# Empfehlung leichtgängige Felgenbremse fürs erste Bike (14")



## Jeru (18. Mai 2020)

Servus,

mein Kleiner ist jetzt vom Laufrad (Kokua) zu seinem ersten Rädchen mit Pedale umgestiegen. Ein Commencal Ramones 14"

Super Bike (evtl ein bissl schwer) und gestern drehte er auch schon seine ersten Runden damit. Das einzige was mir negativ aufgefallen ist, sind die V-Brakes. Mein Kleiner bekommt die Bremshebel nicht angezogen weil die Dinger viel zu schwergängig sind. Würde die Bremsen gerne ausstauschen.

Hat jemand einen Tipp oder eine Empfehlung für eine gescheite, leichtgängige Felgenbremse fürs 14" Kinderfahrrad?

Hatte schon die Magura HS33 im Auge. Gut, ist jetzt keine Kinderbremse und ich bin mir auch nicht sicher ob ich da die Griffweite verstellen kann so dass der Hebel nah am Griff liegt. Aber die sind schön leichtgängig. Bin die selber jahrelang an meinem Stadtbike gefahren.

Vielen Dank schon mal.


----------



## delphi1507 (18. Mai 2020)

Soweit ich mich erinnere haben die auch schon andere  am Kinderrad verbaut, in wie weit du die näher dran bekommst gute Frage... Am 16" hatte meine Tochter auch probleme, hatte deswegen auf ne xt umgebaut, mit mäßigem Erfolg, den Sohn hat es dann überhaupt nicht gestört...


----------



## MTB-News.de




----------



## Jeru (18. Mai 2020)

In erste Linie geht es mir darum dass der Bremshebel bzw die Bremsfunktion schön leichtgängig ist damit mein Kleiner es einfacher hat Bremsen zu lernen.
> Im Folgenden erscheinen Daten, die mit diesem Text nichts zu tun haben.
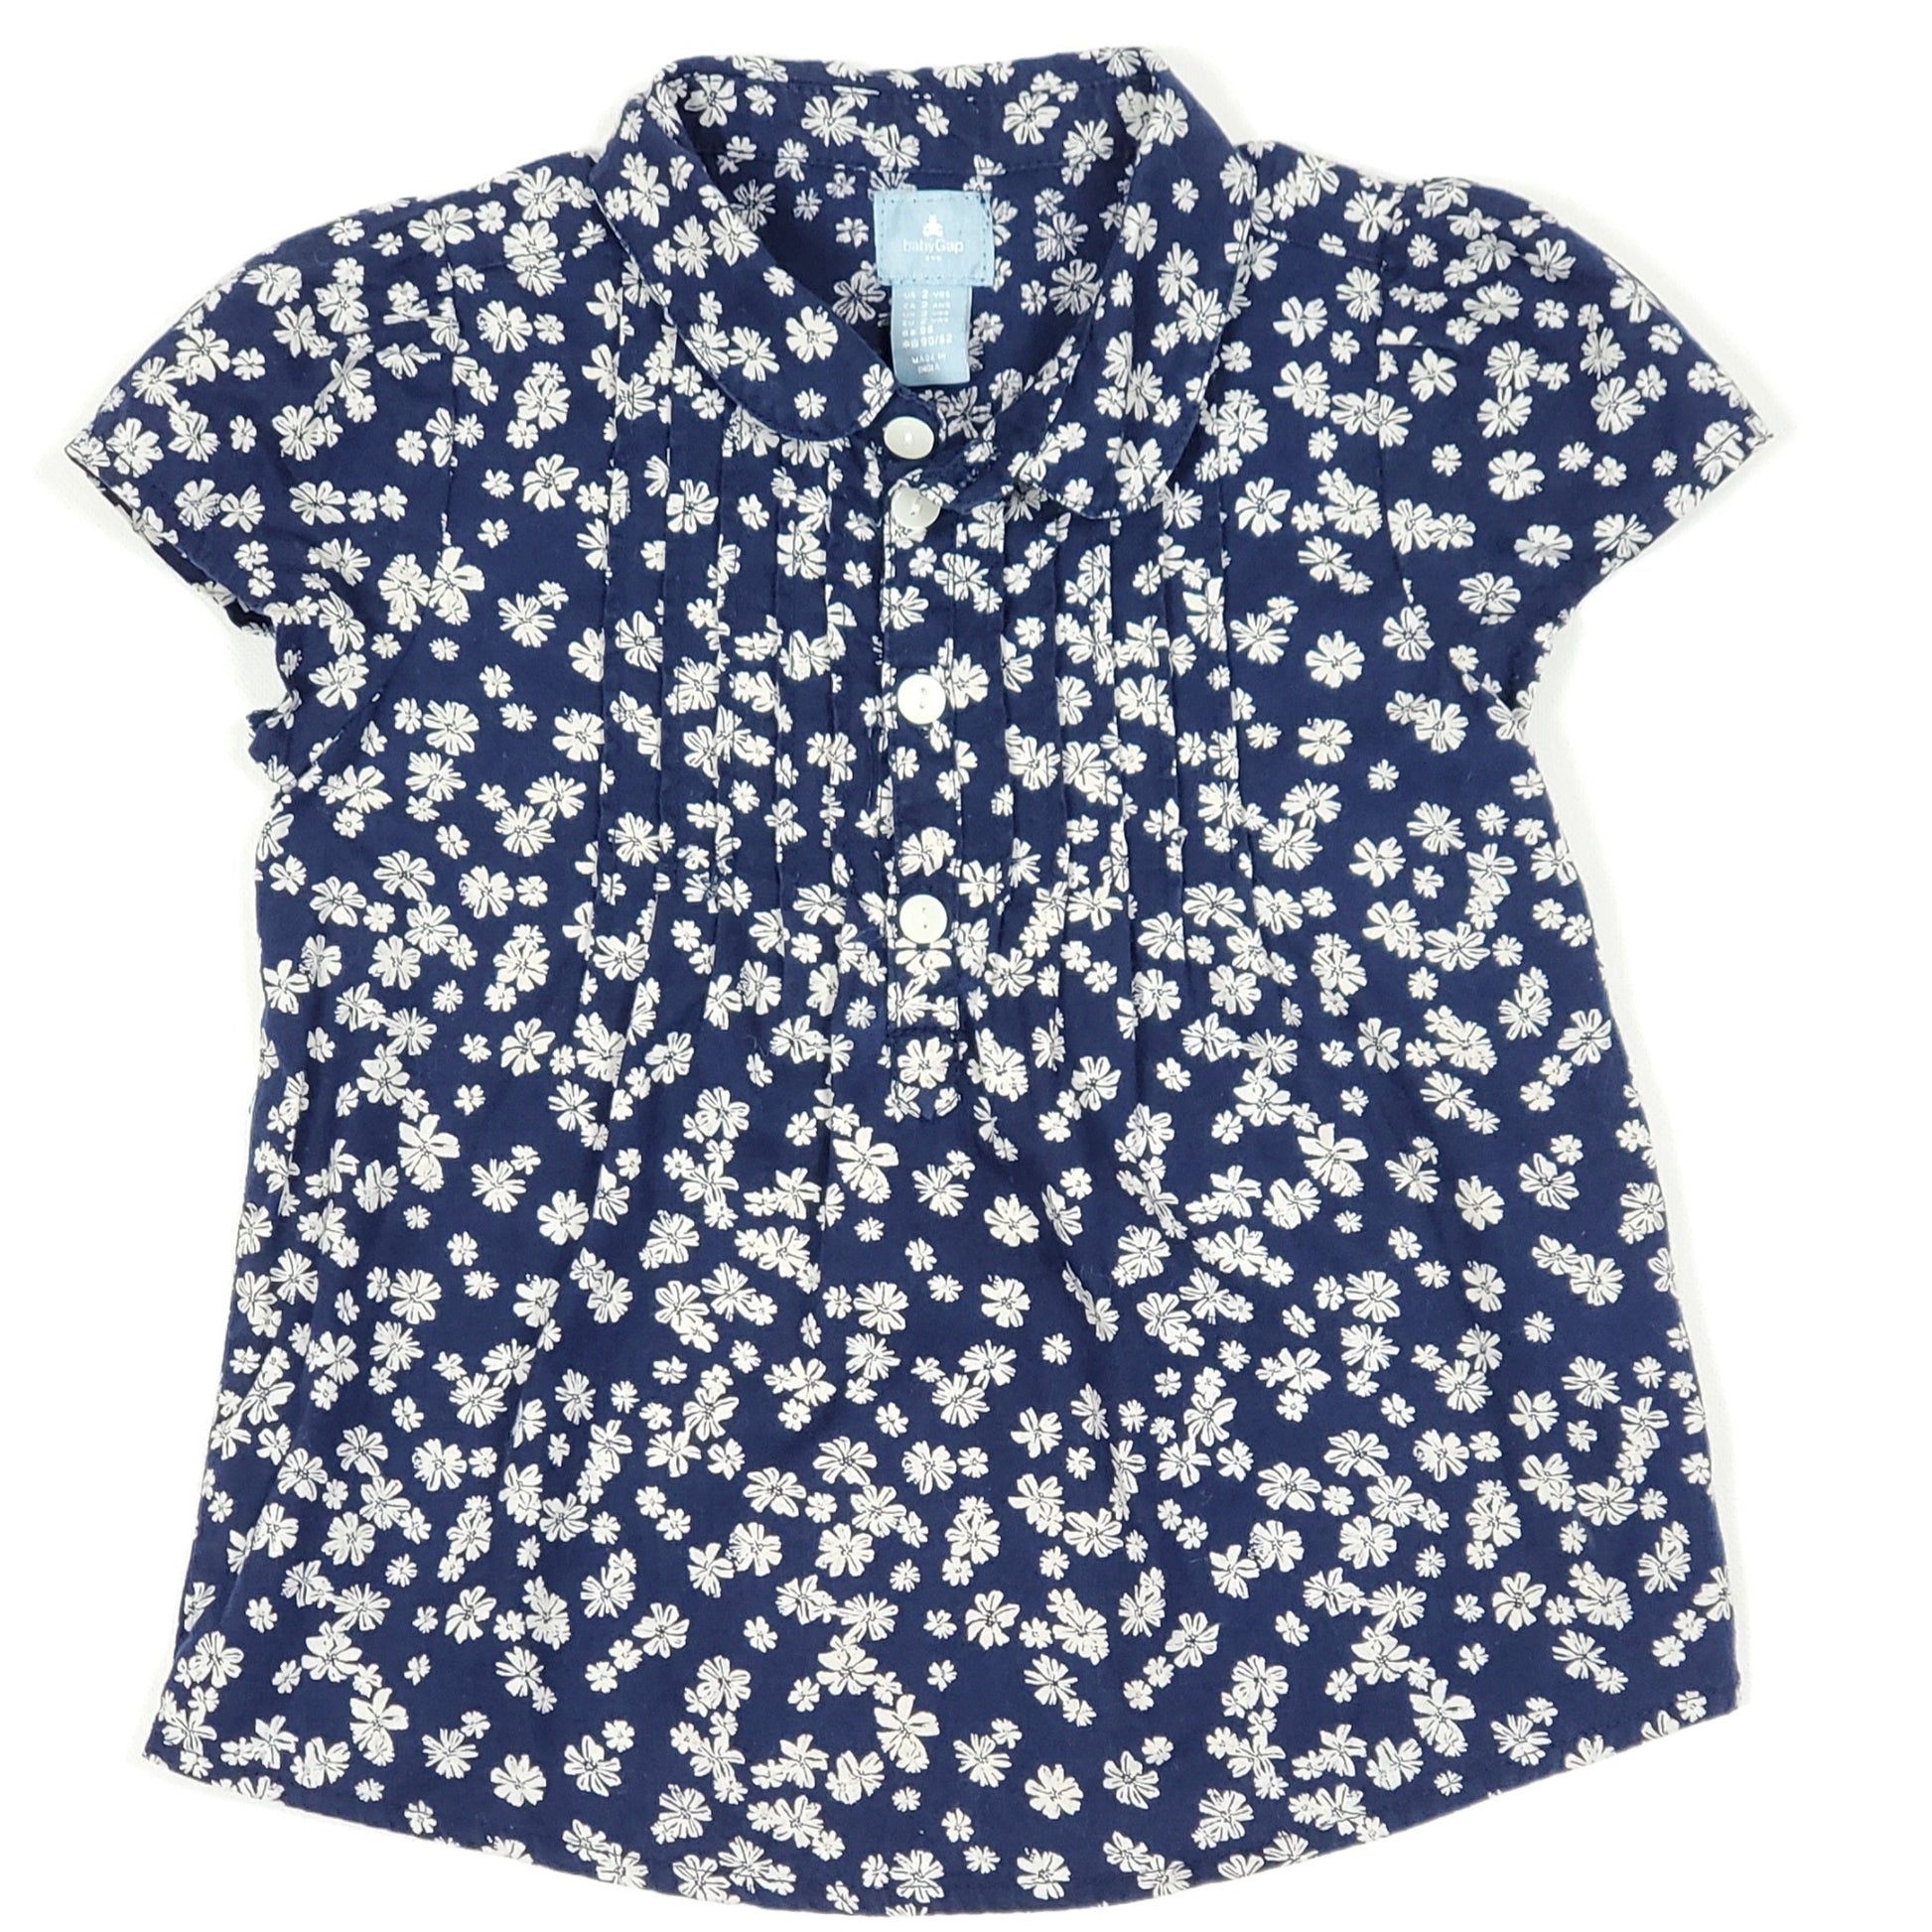 Baby Gap Blue White Floral Girls Top 2T Used, front

Natürlich sollte der Hebel auch entsprechend für Kinderhände (3 Jahre) gemacht sein.  Es gibt schon recht viel zu finden im Netz aber ich habe keiner Ahnung welcher Hebel da was taugt und welcher nicht. Und gescheite V-Brakes müssen dann auch noch her. Die XT wären zb ein potenzieller Kandidat.  Und um nochmal auf die Magura HS33 zurückzukommen. Weiß da zufällig einer ob man da die Griffweite verstellen kann?


----------



## SYN-CROSSIS (18. Mai 2020)

HS22 am 14"er meiner Tochter :





Funktioniert super  ​


----------



## kc85 (19. Mai 2020)

Wir waren mit der Avid Single Digit 7 sehr zufrieden. Als Hebel hatten wir den Speed Dial 7, für kleinere Kinder ist auch der Tektro JL 510-TS geeignet. Bei beiden ist die Griffweite einstellbar.

kc85


----------



## delphi1507 (19. Mai 2020)

kc85 schrieb:


> Wir waren mit der Avid Single Digit 7 sehr zufrieden. Als Hebel hatten wir den Speed Dial 7, für kleinere Kinder ist auch der Tektro JL 510-TS geeignet. Bei beiden ist die Griffweite einstellbar.
> 
> kc85


Ich gehe davon aus, das er mit einer anderen V-Brake nicht unbedingt das Ergebniss erreicht, das er gerne hätte.


----------



## Raininho13 (19. Mai 2020)

Jeru schrieb:


> In erste Linie geht es mir darum dass der Bremshebel bzw die Bremsfunktion schön leichtgängig ist damit mein Kleiner es einfacher hat Bremsen zu lernen. Natürlich sollte der Hebel auch entsprechend für Kinderhände (3 Jahre) gemacht sein.  Es gibt schon recht viel zu finden im Netz aber ich habe keiner Ahnung welcher Hebel da was taugt und welcher nicht. Und gescheite V-Brakes müssen dann auch noch her. Die XT wären zb ein potenzieller Kandidat.  Und um nochmal auf die Magura HS33 zurückzukommen. Weiß da zufällig einer ob man da die Griffweite verstellen kann?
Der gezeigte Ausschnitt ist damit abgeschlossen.